EXERCISE OBJECTIVE: Output the full listing below exactly; the images stay out.

DATASET EXTRACT:
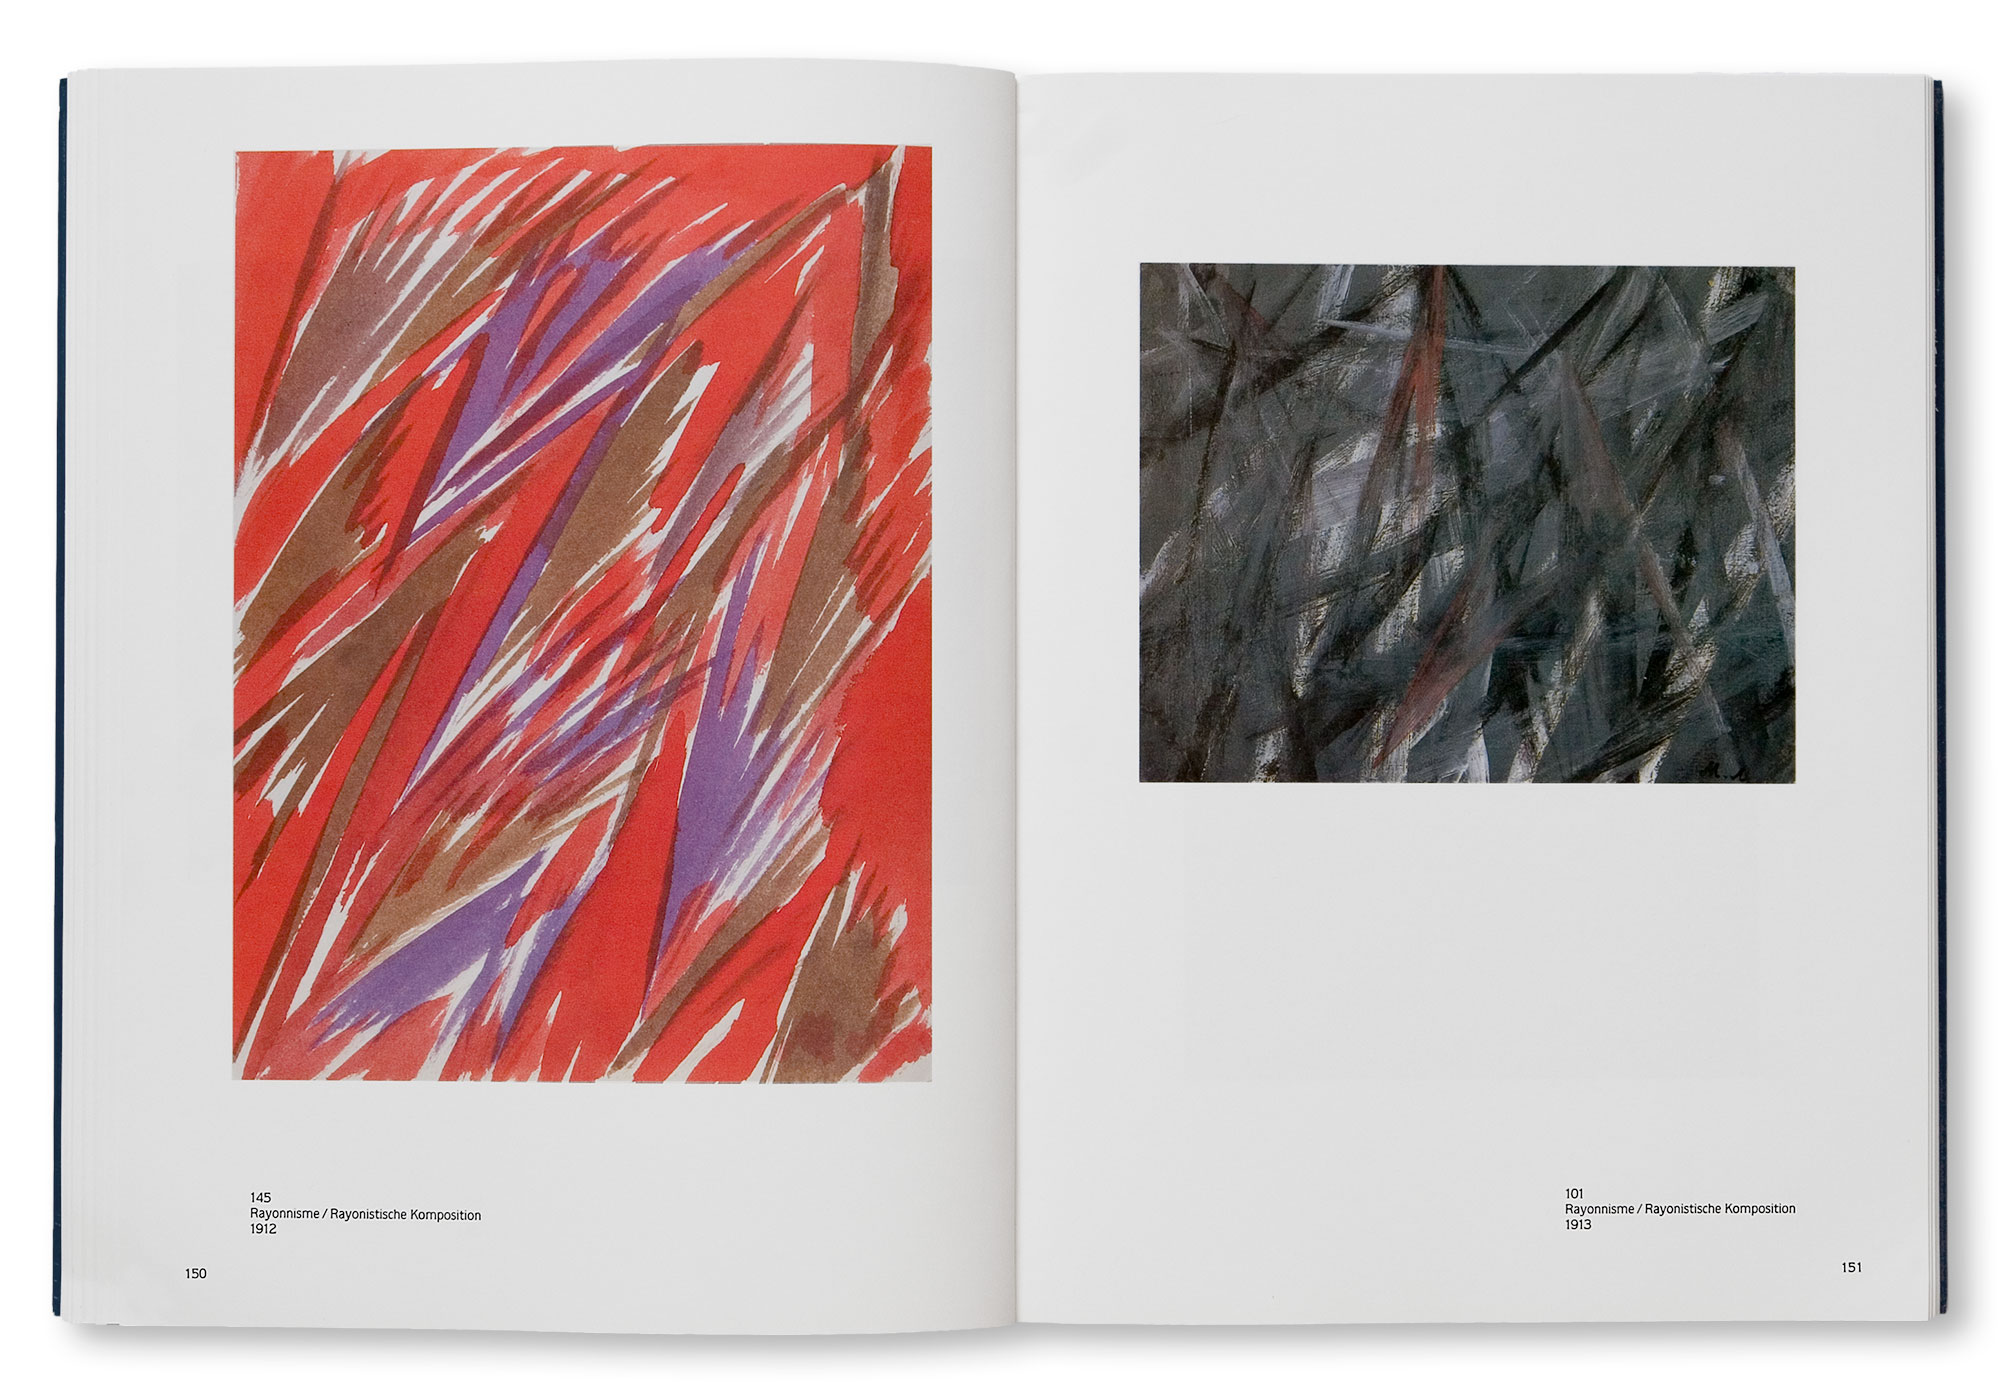 Catalogue, p150
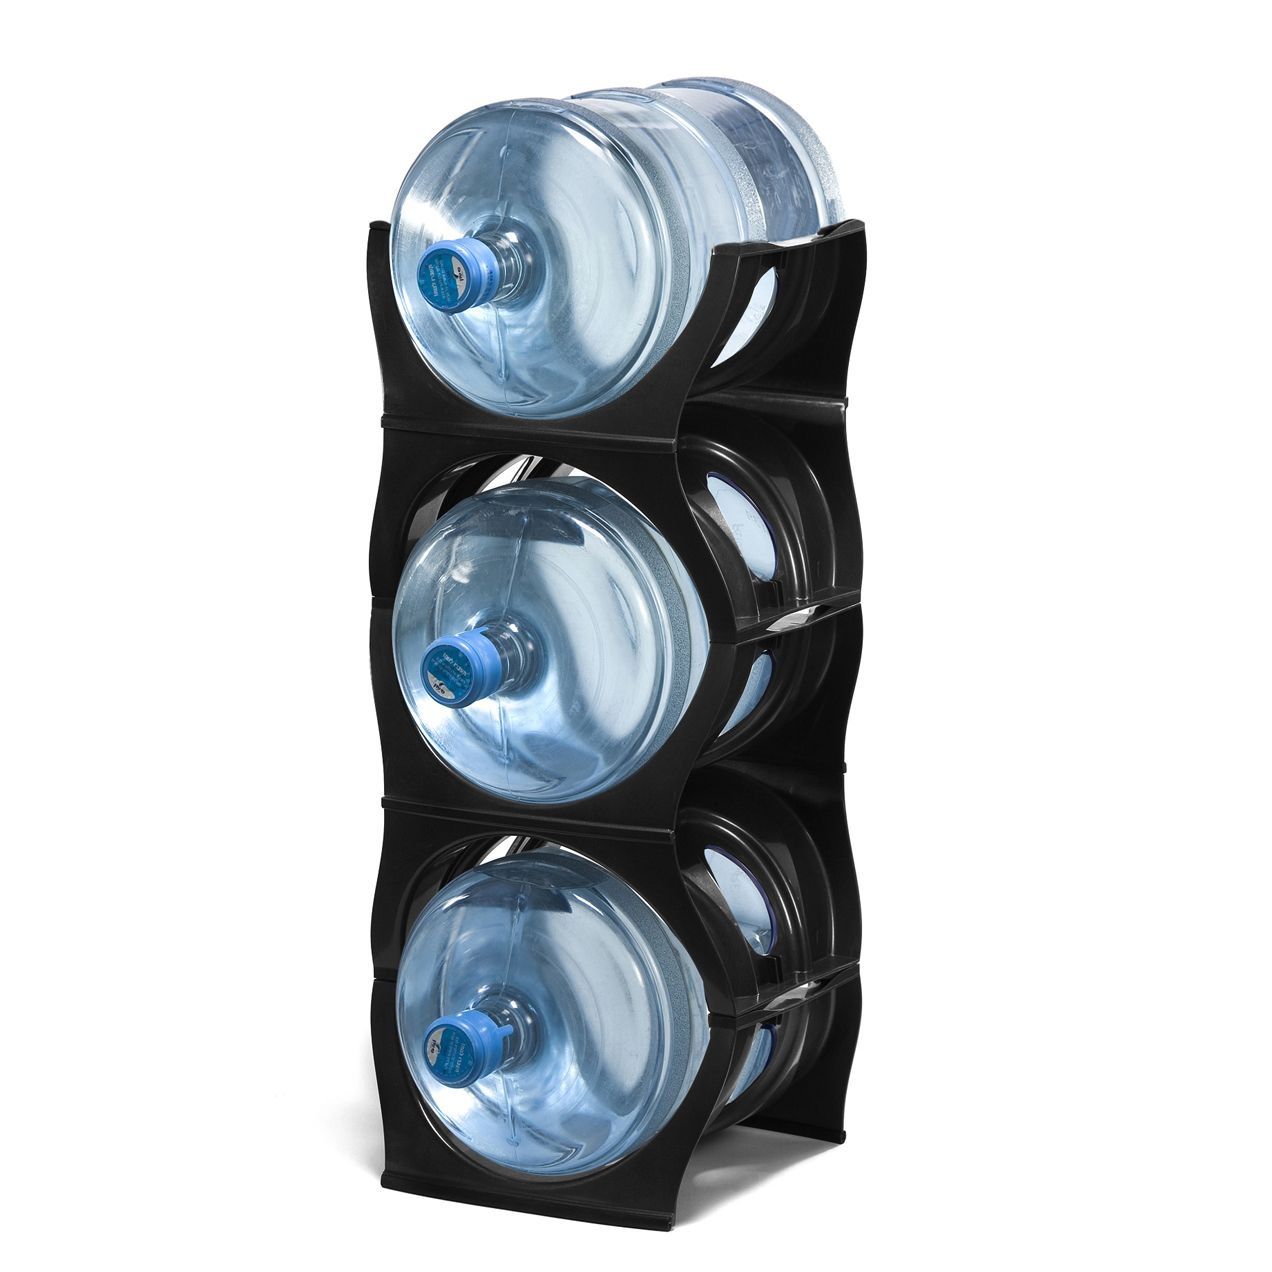 Black Water Bottle Rack For 3 Bottles 3 5 Gallon Jugs Storage
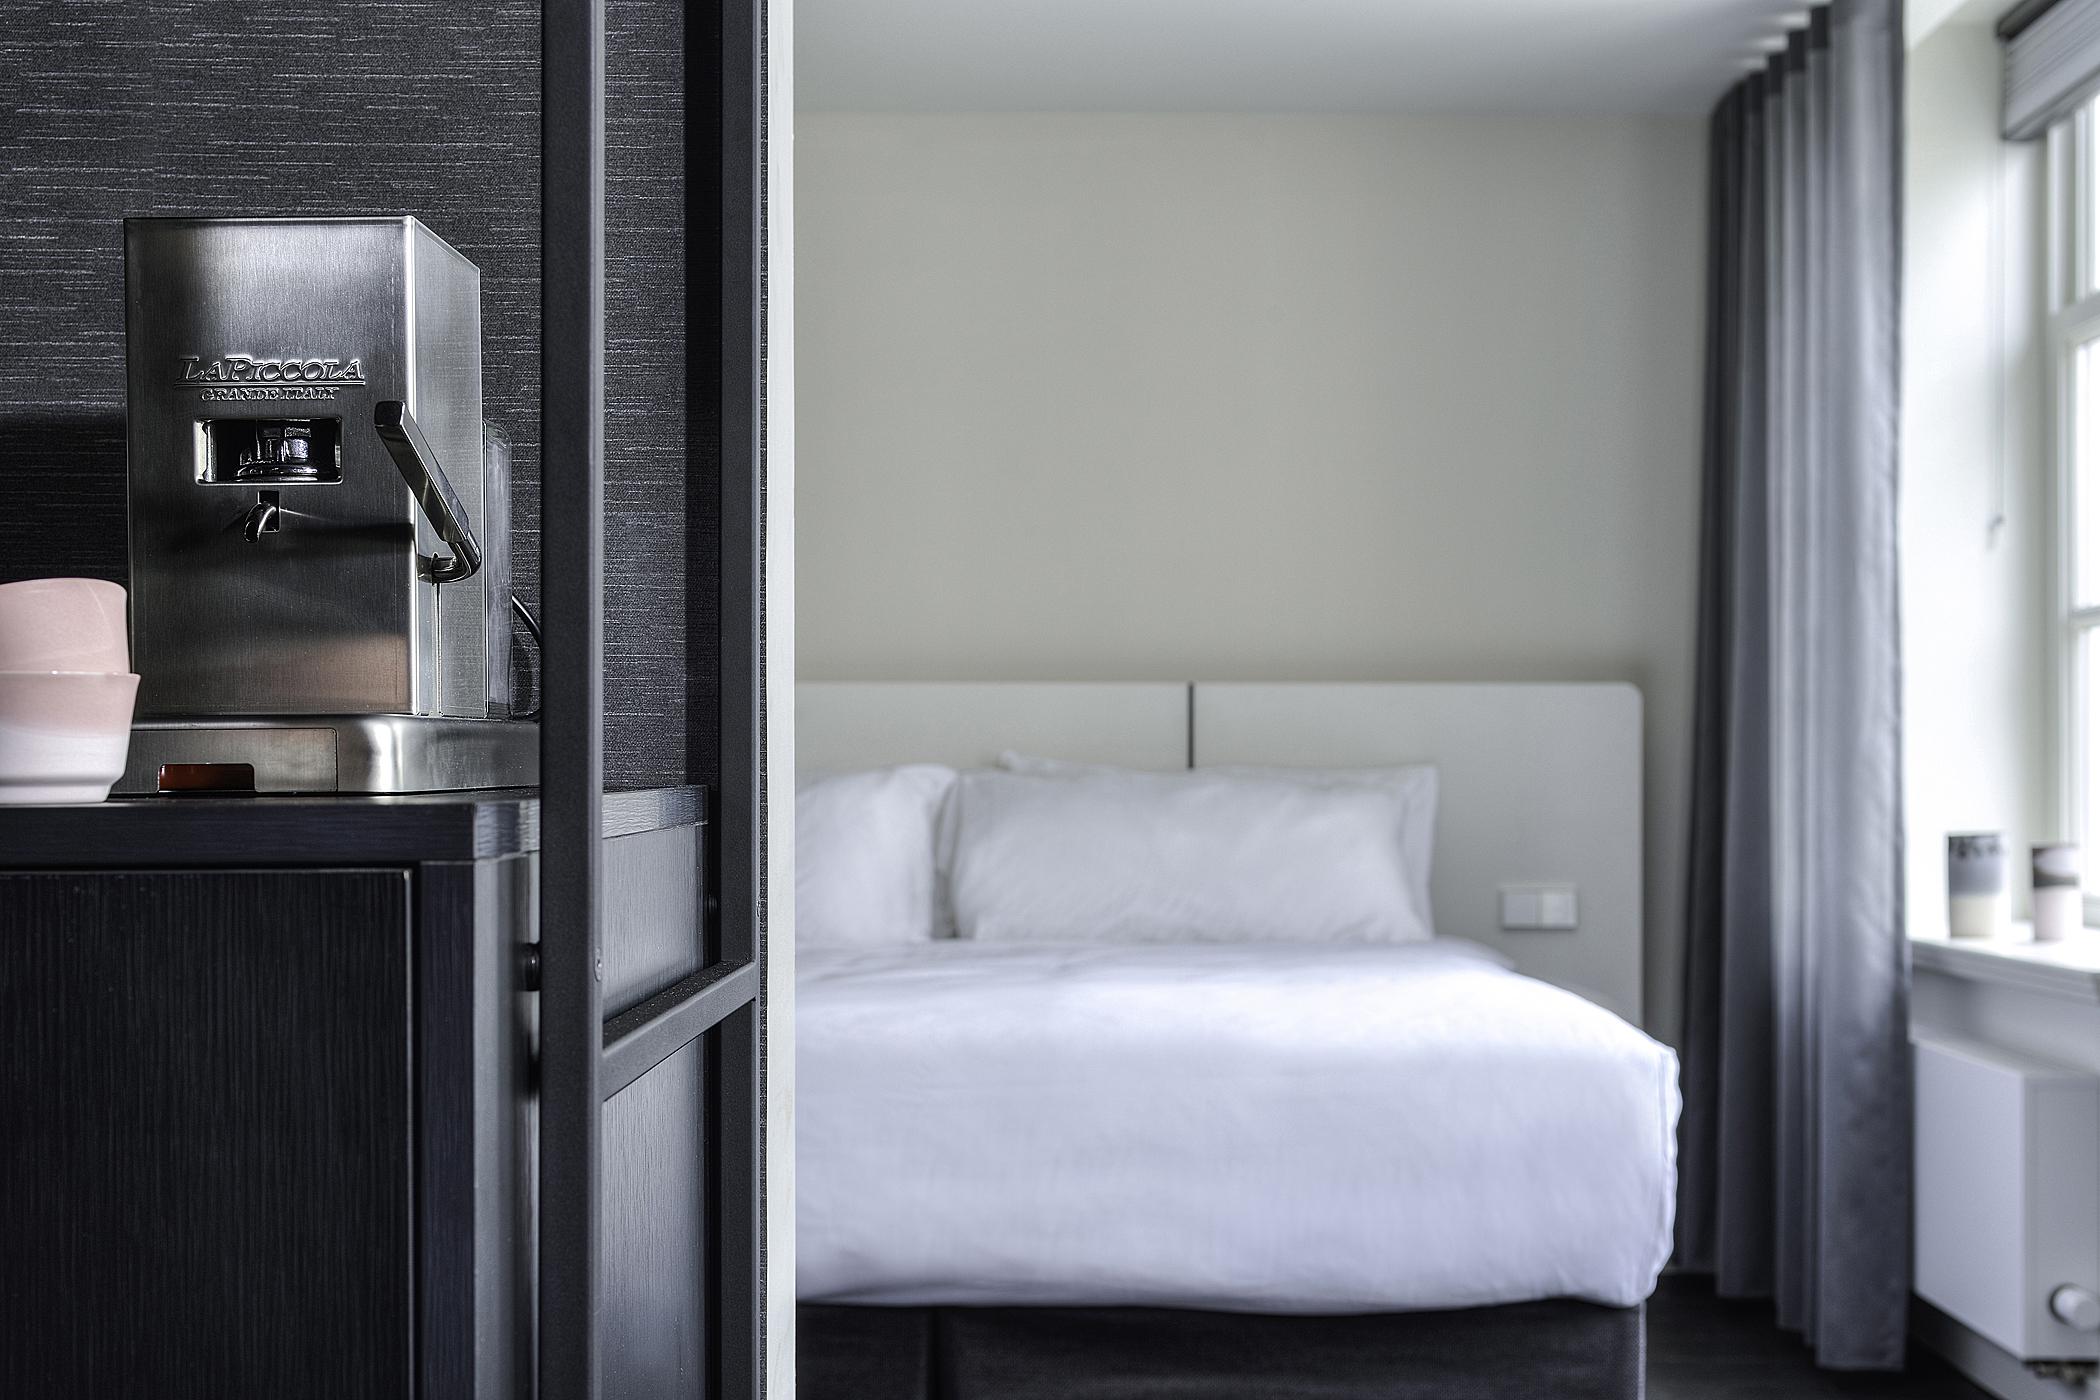 Kazerne Charming Room La Picola Bedroom Image Patrick Meis

WRITTEN SOLUTION:
 Catalogue, p150
 Black Water Bottle Rack For 3 Bottles 3 5 Gallon Jugs Storage
 Kazerne Charming Room La Picola Bedroom Image Patrick Meis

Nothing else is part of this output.